Уезжали двое на мотоцикле под заунывно-угрожающие вопли третьего…
На следующий день в станицу вернулся дядька Бориса. Быстро вник в ситуацию и тут же помчался к руководству летного полка.
Дело лейтенанта Нартова скоропалительно вынесли на суд офицерской чести. Заместитель командира полка по воспитательной работе свою обвинительную речь построил главным образом на том утверждении, что помощник начальника службы снабжения горючим «украл со склада ГСМ три литра этилового спирта высшего сорта и использовал их для разрушения семейной ячейки общества».
Другие выступающие лейтенанту тоже пеняли, но все больше как-то несерьезно, пряча улыбку. Оживление сослуживцев вызвали лишь детали «бартерной сделки». Кто-то из зала высказался, что раз инициатором ее был именно Провоторов, значит, он-то и есть главный виновник конфликтной ситуации. Нартов же тут сбоку припека, пристяжная лошадка. Бориса в первую очередь судить следует! На что сразу получил из президиума отлуп — это, значит, не в нашей компетенции, и нечего съезжать с темы, а любой выкрик с места есть нарушение воинской дисциплины!
Впрочем, когда Алексей принародно и наотрез отказался порвать связь с Мариной, присутствующие неохотно согласились: да, наказать его, конечно, надо, но вот как? Зам по воспитательной озвучил мнение руководства: за поступки, дискредитирующие честь мундира российской армии, ходатайствовать об увольнении лейтенанта авиации Нартова А. А. из Вооруженных Сил. А стоимость похищенного спирта взыскать с виновного из расчета пятикратной. Несколько офицеров высказались мягче: за предупреждение о неполном служебном соответствии.

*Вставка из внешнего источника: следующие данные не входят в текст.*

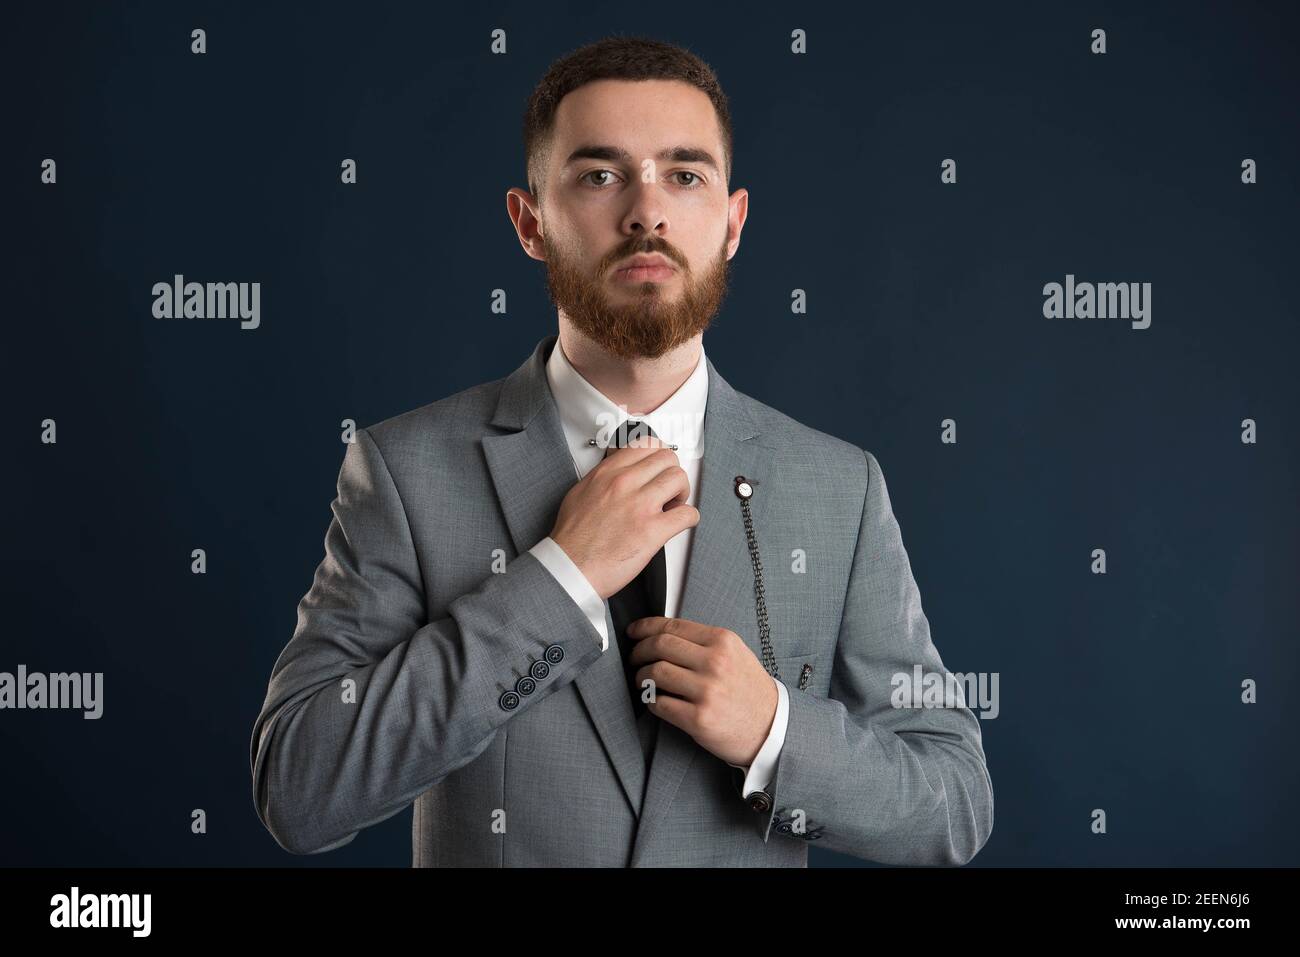 Handsome businessman fixing his black tie wearing a grey jacket Stock Photo

Главный воспитатель полка взял слово вторично, продолжив с трибуны настойчиво гнуть свою, «принципиальную» линию:
— Мы не вправе поощрять аморальность! Разбить молодую семью! Похитить военное имущество! А самое страшное и печальное — он ведь до сих пор так и не осознал и не признал тяжести своих проступков! О чем тогда дискутировать? Вдумайтесь: покрывая вора и разлучника, вы проявляете элементарную и непростительную политическую незрелость! Уволить! Однозначно! По негативу!
И так-таки настоял на своем, заявив, что по полной программе будет разбираться с лицами, защищающими «двойного» преступника.
Упомянутое ходатайство требовалось утвердить «на самом верху», а посему Алексей временно продолжал службу. Ночевали они с Мариной пока у Евдокии Спиридоновны.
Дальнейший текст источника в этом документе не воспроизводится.